Исчезнув куда-то, принес в двух колбочках спирт и самогон, извлек из свертка, который захватил из дому, кусок сала, проткнул его проволокой и, поднеся к гляделке завалочного окна, принялся жарить, подставив под него ломоть хлеба, чтобы ни одной капли не уронить.

В конторке они устроили сущее пиршество — жареное сало, черный хлеб, соленые огурцы да еще шаньги с картошкой, сдобренной жареным луком. Спирт Аким Иванович отдал Николаю, сам же ради компании ливанул себе самогона.

— Откуда спирт? — полюбопытствовал Николай.

— Свет не без добрых людей, — сначала уклончиво ответил Аким Иванович, но, чтобы не обижать начальника недоверием, незамедлительно признался: — В лаборатории разжился. Ничего, там Дранников завсегда пасется — они с Макрушиным закадычные.

Потыкав хлеб в берестяную солонку — соль была непременной принадлежностью в цехе, как и кружки, — сунул его в рот, следом — сало, утер пальцами залоснившийся подбородок.

— Ешьте, не стесняйтесь.

Николай последовал примеру Акима Ивановича.

— А самогон откуда?

— Они же дали. Что этого спирта, говорят, коли заболел. Для хорошего человека… Дома-то у меня завсегда есть… Водки не стало, приходится, грешным делом… Зайдет кто — ну как не угостить? Да и самому, бывает, страсть как захочется. Особенно ежели услышу… Э-эх! — Аким Иванович сделал такую закорючку рукой, что даже воздух шевельнулся. — Знаете, когда мужики стали самогон гнать?

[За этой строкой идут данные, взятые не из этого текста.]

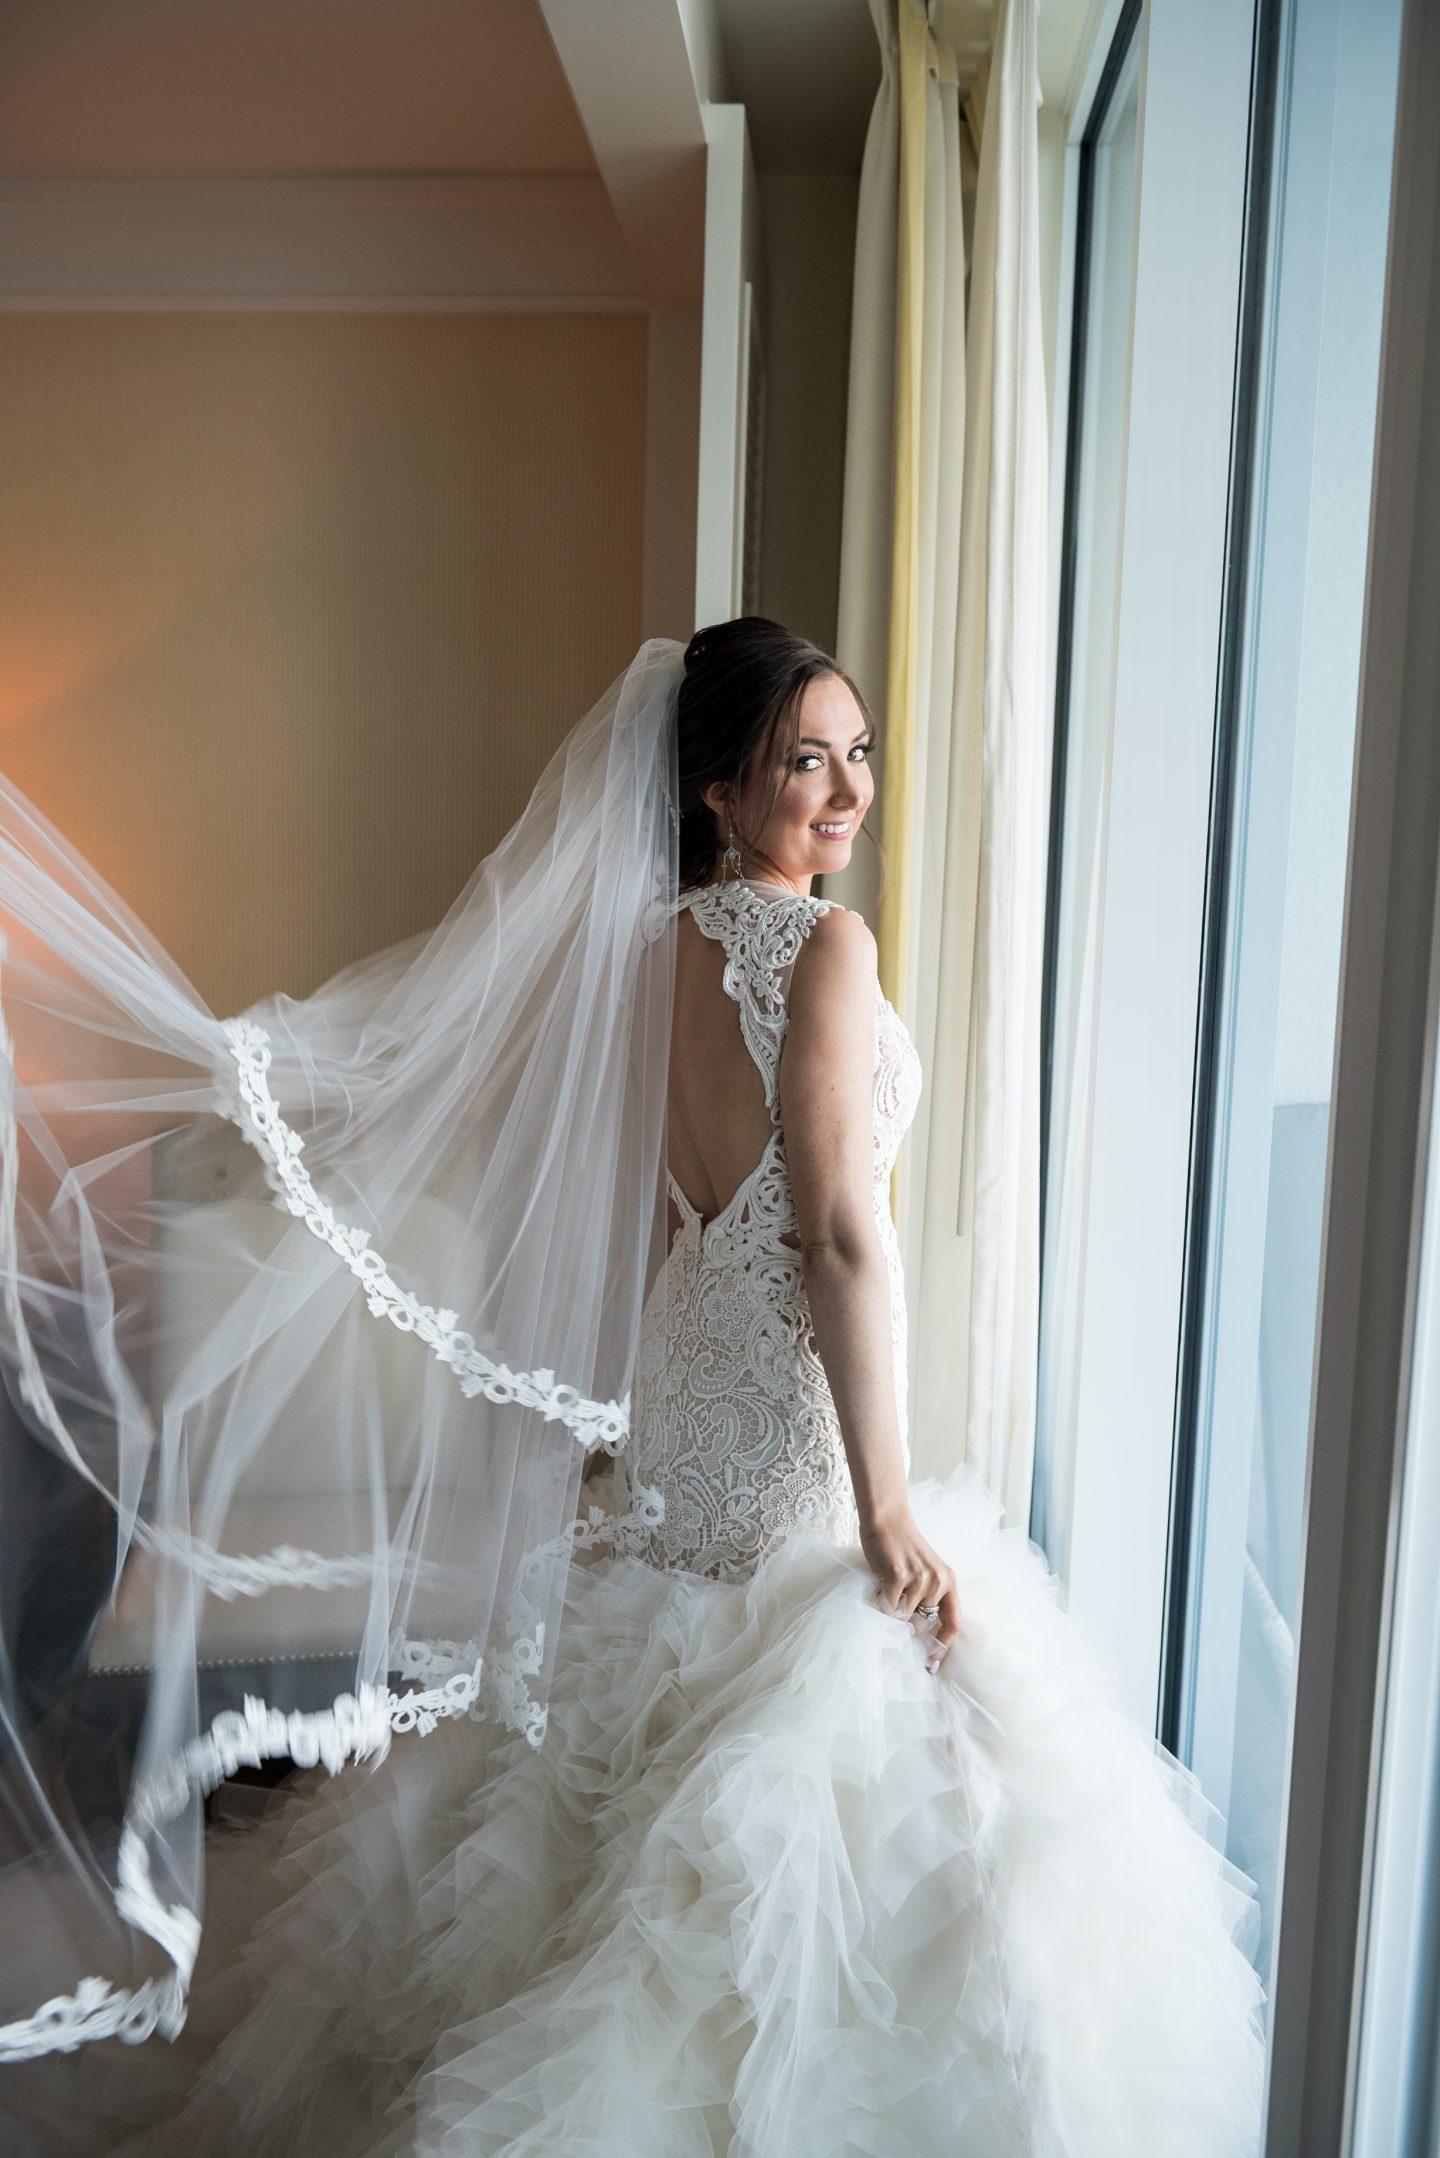 Choosing a wedding dress: What I wore to my fairytale wedding

— Думаю, с тех пор как Русь появилась, — с улыбкой ответил Николай.

— Вот уж нет, не с давних давен, представьте себе. С войны четырнадцатого года, когда правительство издало сухой закон и водка с продажи начисто исчезла. — Чечулин хмыкнул, выпустил из себя воздух и, откинув голову, выплеснул в рот зелье. Знаком предложив Николаю допить оставшийся спирт, подсунул еще прожаренного сала, еще кусок просаленного хлеба. — Смотрите не ожгитесь. — И перевел разговор на незаконченную тему: — Водка, ведомо вам, с каких пор на законных правах у нас?

— Н-нет.

— Знаете, наверно: был такой министр финансов в царской России — Витте?

— Знаю, конечно.

— Так вот он ввел монополию на водку, и государственная казна стала бойко торговать зельем сим. В народе его прозвали «монополькой». С тех пор мужики и разохотились.

— Вроде раньше не пили.

— Пили, да только в кабаках и корчмах под закусь. А как в продаже появилась — прямо из горлышка глотать стали где придется, по большей части от нетерпежу прямо возле магазина.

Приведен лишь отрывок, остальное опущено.